🤖 AI Summary
This work addresses three ill-posed inverse problems: deconvolution of blurred images, sparse source term inversion for elliptic equations, and Fourier reconstruction of wavelet-sparse MRI signals. We establish a unified theoretical framework grounded in infinite-dimensional compressed sensing and generalized sampling. For the first time, we systematically extend abstract compressed sensing theory to multiple practical inverse problems, introducing and validating verifiable conditions—namely, “quasi-diagonalization” and “coherence bounds”—and elucidating how balancing constraints and optimized sampling enhance reconstruction performance. Our analysis yields high-probability exact recovery guarantees and computable upper bounds on sampling complexity. Furthermore, the framework delivers actionable sampling strategies and reconstruction optimization schemes tailored to real-world applications such as MRI.
📝 Abstract
This paper extends the sample complexity theory for ill-posed inverse problems developed in a recent work by the authors [`Compressed sensing for inverse problems and the sample complexity of the sparse Radon transform', J. Eur. Math. Soc., to appear], which was originally focused on the sparse Radon transform.
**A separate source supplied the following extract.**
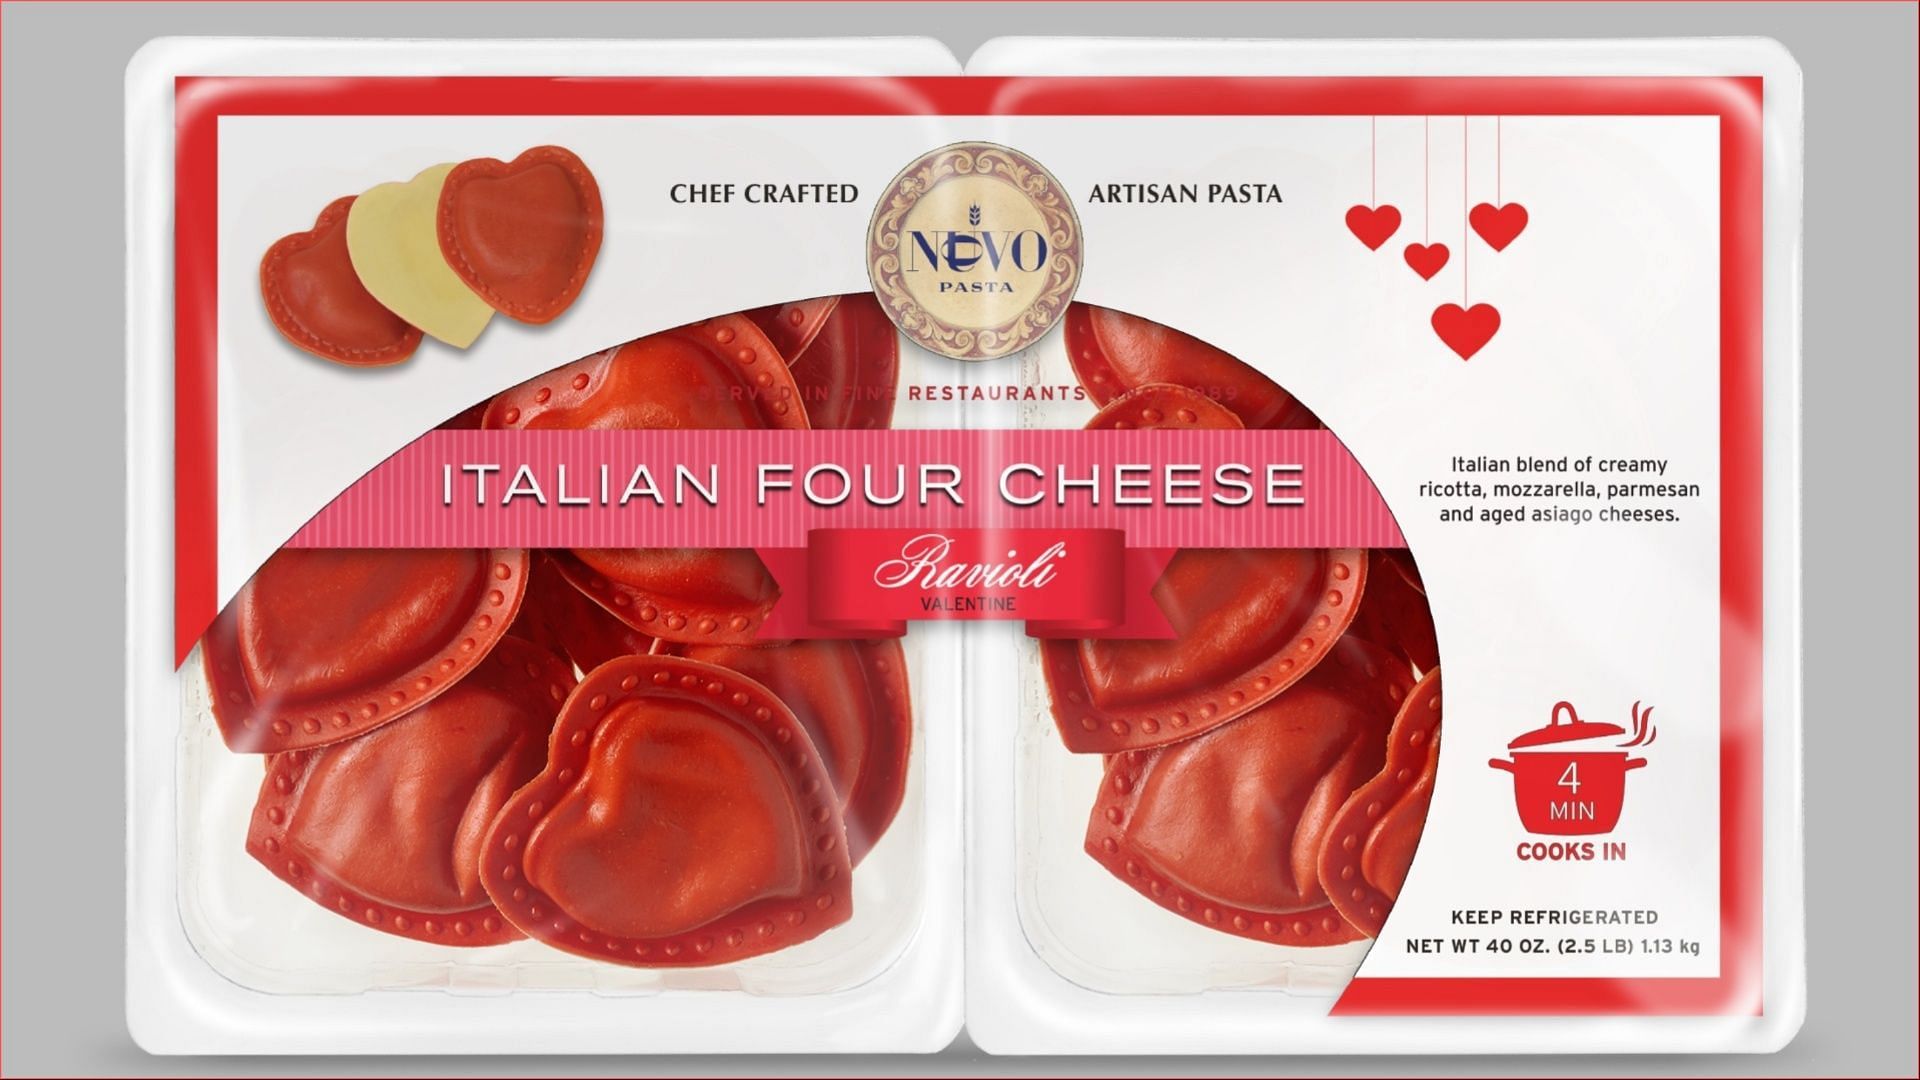 The Nuovo Pasta Heart Ravioli is available at Costco stores nationwide for over $9.99 (Image via Nuovo Pasta)

We demonstrate that the underlying abstract framework, based on infinite-dimensional compressed sensing and generalized sampling techniques, can effectively handle a variety of practical applications. Specifically, we analyze three case studies: (1) The reconstruction of a sparse signal from a finite number of pointwise blurred samples; (2) The recovery of the (sparse) source term of an elliptic partial differential equation from finite samples of the solution; and (3) A moderately ill-posed variation of the classical sensing problem of recovering a wavelet-sparse signal from finite Fourier samples, motivated by magnetic resonance imaging. For each application, we establish rigorous recovery guarantees by verifying the key theoretical requirements, including quasi-diagonalization and coherence bounds. Our analysis reveals that careful consideration of balancing properties and optimized sampling strategies can lead to improved reconstruction performance. The results provide a unified theoretical foundation for compressed sensing approaches to inverse problems while yielding practical insights for specific applications.